Norbert Elias (1897-1990) La civilisation par les moeurs

Les gestes de pudeur et la pacification des mœurs sont, selon Norbert Elias, les signes visibles du processus de civilisation qui affecte l’Europe depuis la Renaissance. Une thèse qui a traversé tout le 20e siècle.

Jusqu’au 16e siècle, dans les villes allemandes, on pouvait, paraît-il, assister au spectacle hebdomadaire de familles entières traversant la ville nus comme des vers pour se rendre au bain public. Dans le même ordre d’idées, il semble qu’au 14e siècle, les usages du corps et les manières de table étaient beaucoup moins policés que les nôtres. Érasme, en 1530, conseillait aux jeunes gens de cacher le bruit de leurs pets en toussant, et de se servir de trois doigts pour puiser la viande dans les plats, sans les essuyer sur la manche de leur voisin… De telles recommandations relèveraient aujourd’hui de l’ironie.
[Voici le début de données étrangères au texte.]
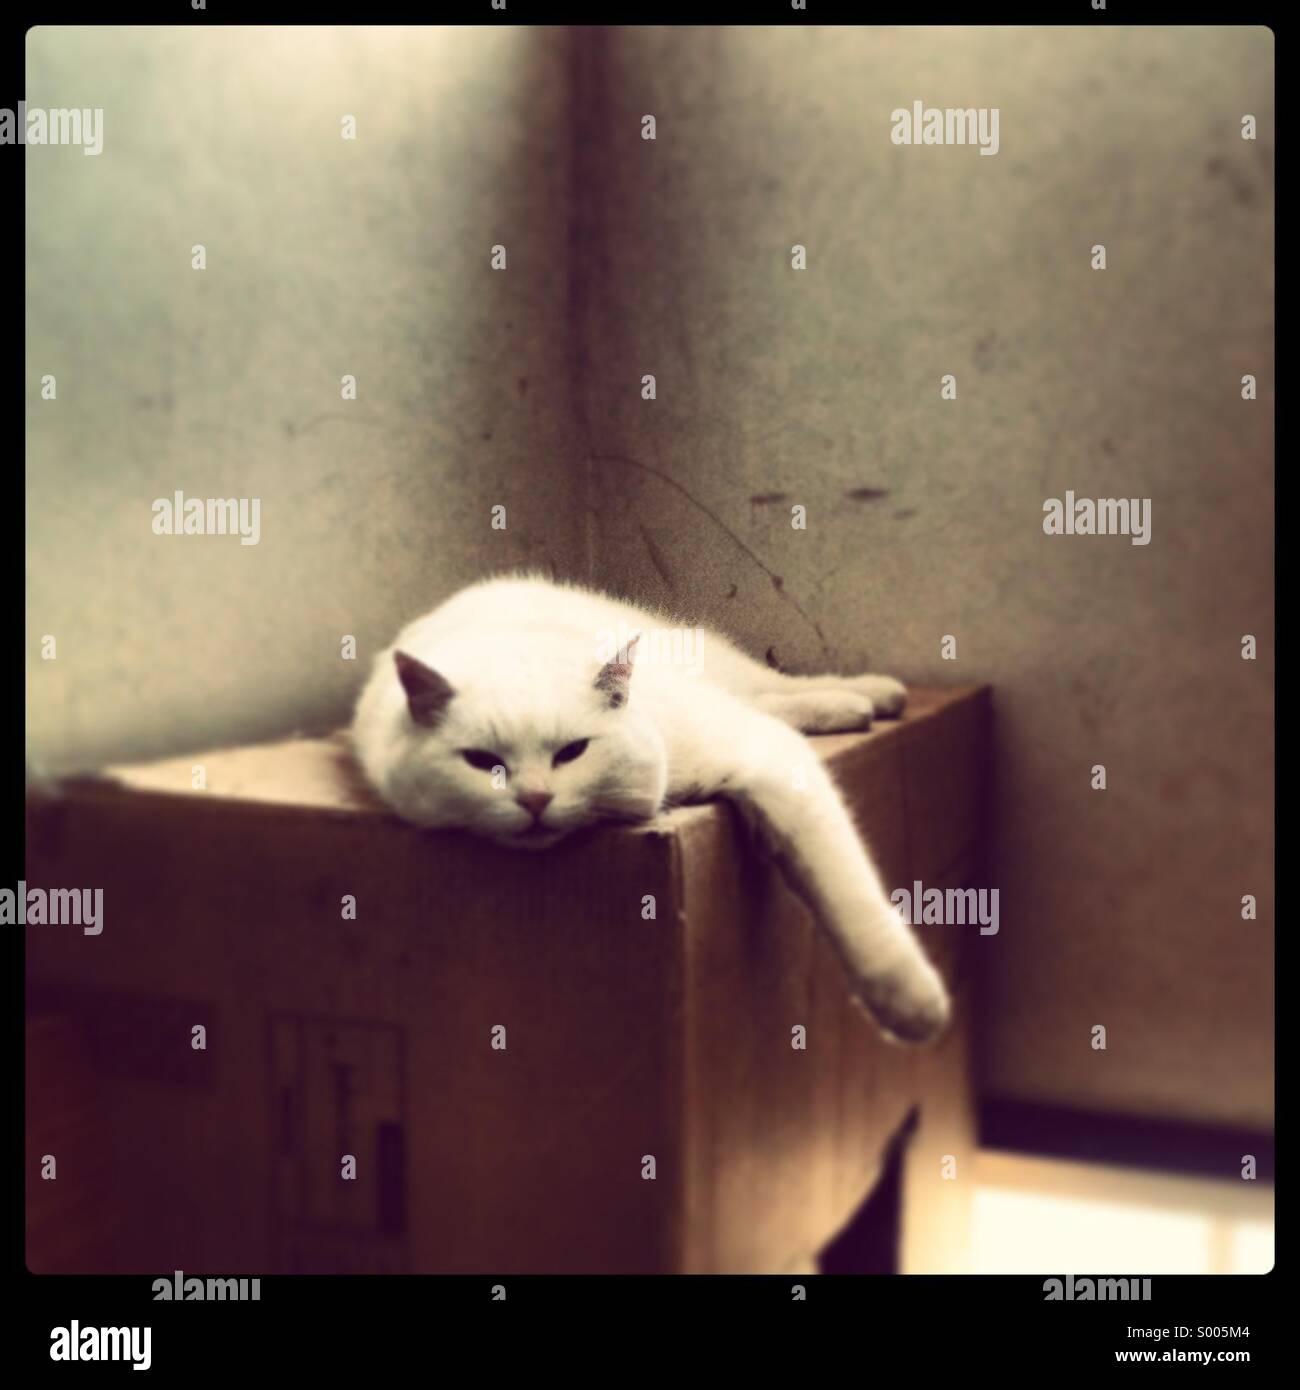 White cat sitting on cardboard box in tenement landing - Stock Image
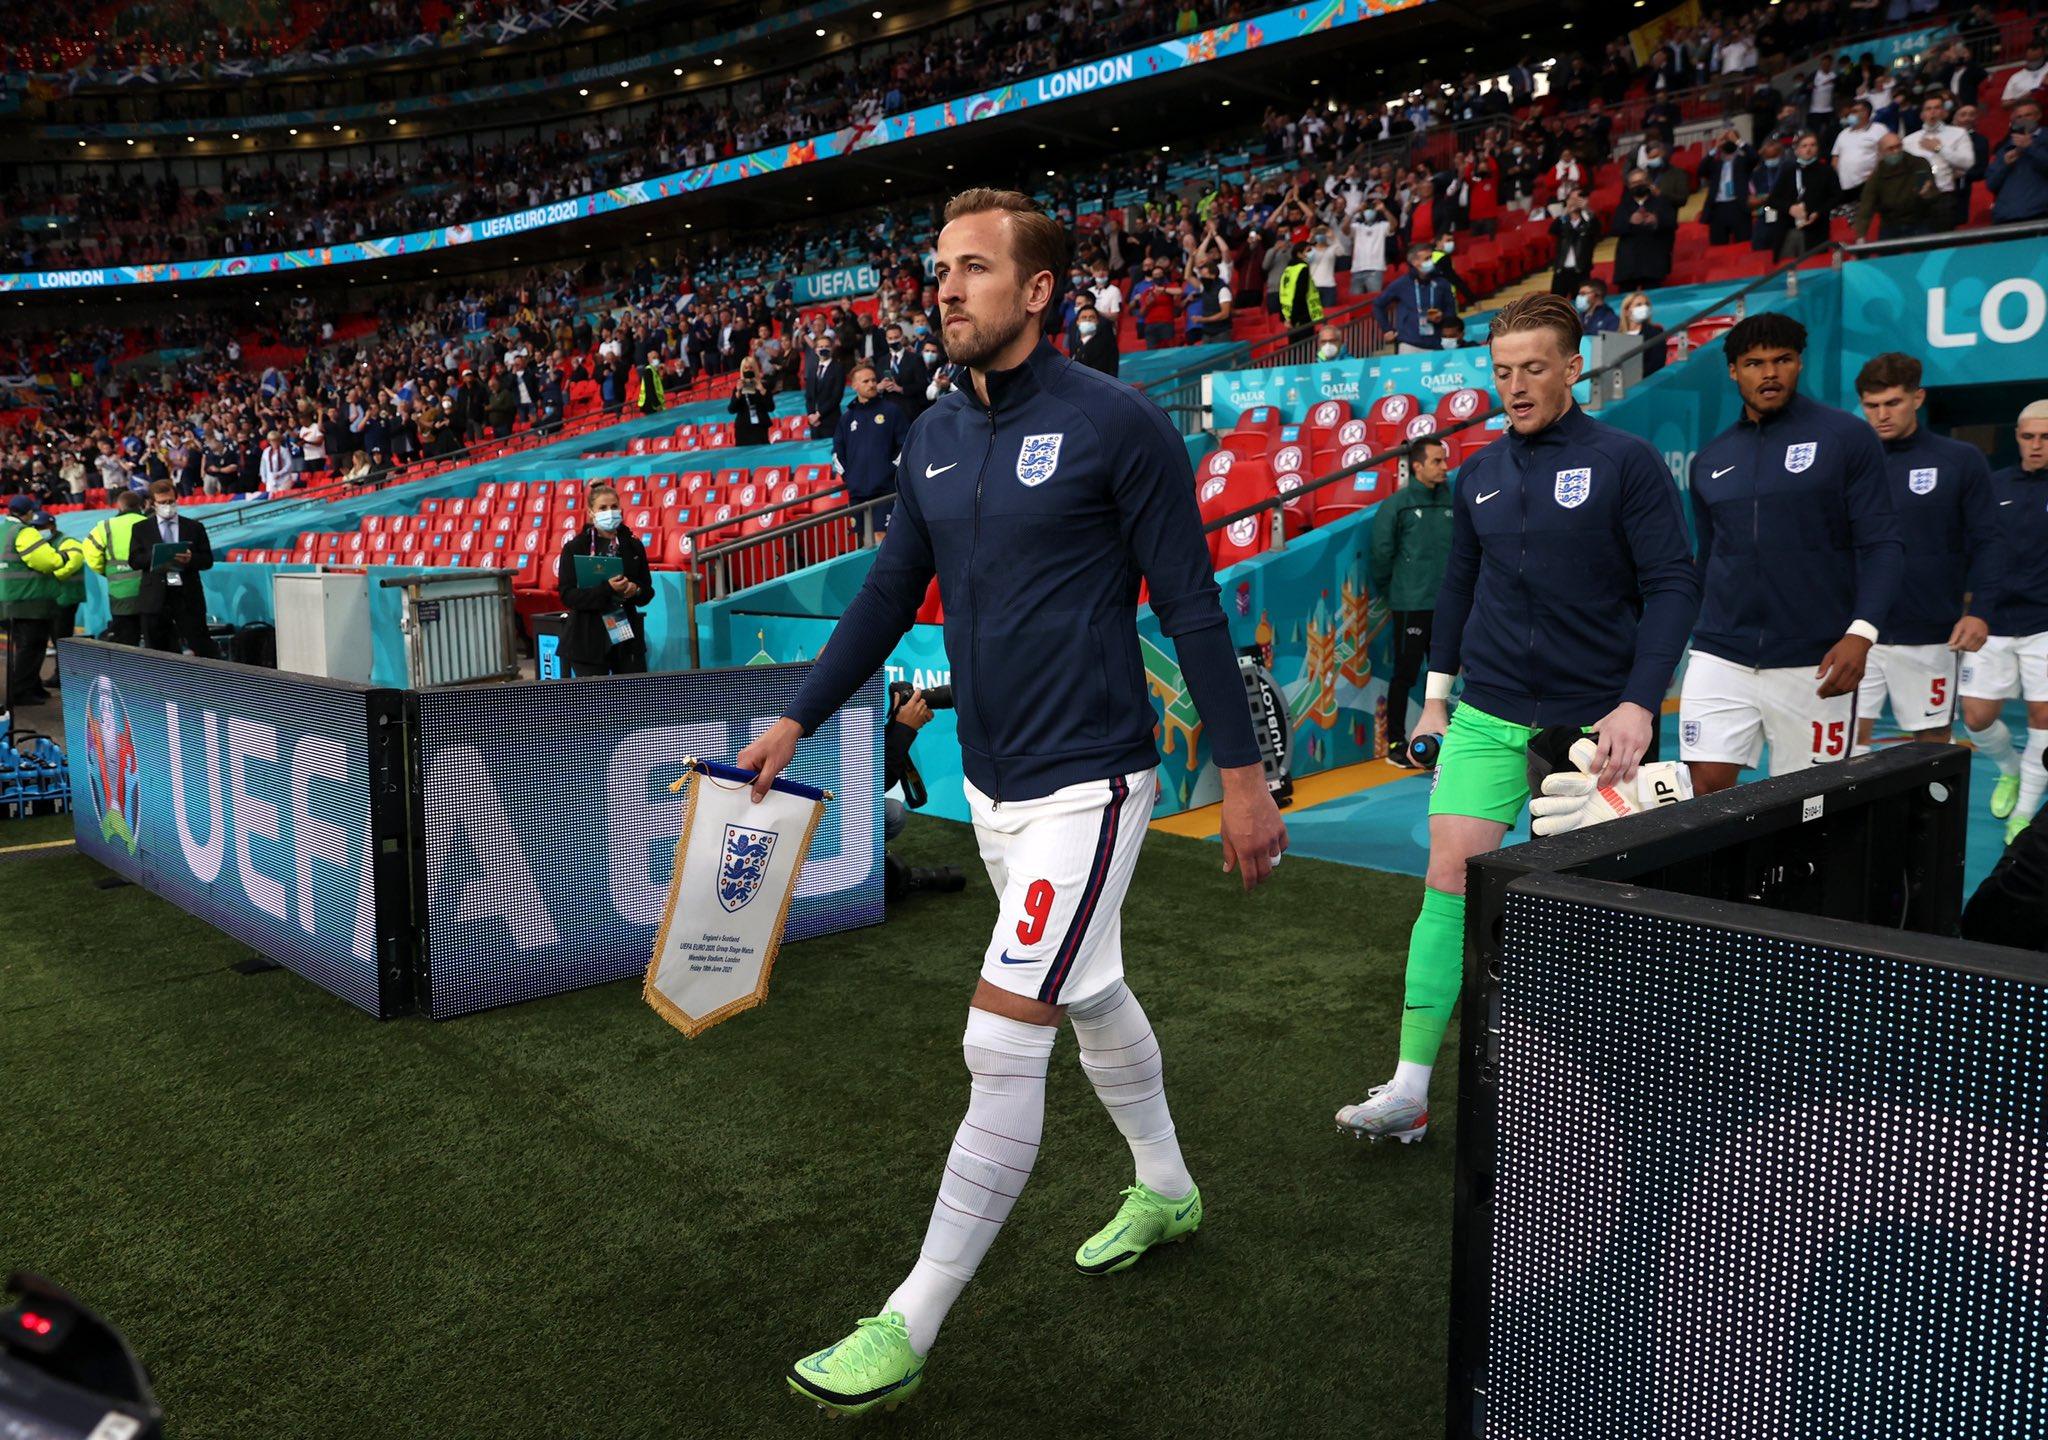 Daftar Klub yang Lolos 16 Besar Piala Eropa Sejauh Ini: Inggris dan Prancis Masuk

C’est avec de tels faits savoureux que Norbert Elias a introduit dans l’analyse sociohistorique de l’Occident la notion de « civilisation des mœurs ». L’idée, développée en trois tomes, se résume aisément : la « civilisation », explique Elias, est une question de mœurs, en particulier de ces petites et grandes règles qui pèsent sur l’usage du corps, la satisfaction des besoins, des instincts et des désirs humains. Or, cette dimension de la morale a connu une évolution très marquée en Europe à partir de la Renaissance : l’homme médiéval vivait dans une sorte de barbarie plus ou moins innocente, une liberté réelle d’exprimer violemment ses émotions, ses désirs et de satisfaire ses besoins les plus brutaux sans souci du regard d’autrui. À partir du 16e siècle, tout cela – politesse, manières de tables, comportements – commence à être codifié par les nobles de cour. Au 18e siècle ce sont les bourgeois qui s’emparent de ces bonnes manières. Au 19e siècle, le mouvement se démocratise encore : l’ère est à une morale qui s’appelle « hygiène ». Y sommes-nous encore aujourd’hui ? C’est une autre question. Selon Elias, ce mouvement inachevé dessine toute l’histoire politique, sociale et culturelle de l’Occident. Car l’évolution de ces manières du corps est le produit de la généralisation d’un modèle de personnage : celui du noble courtisan.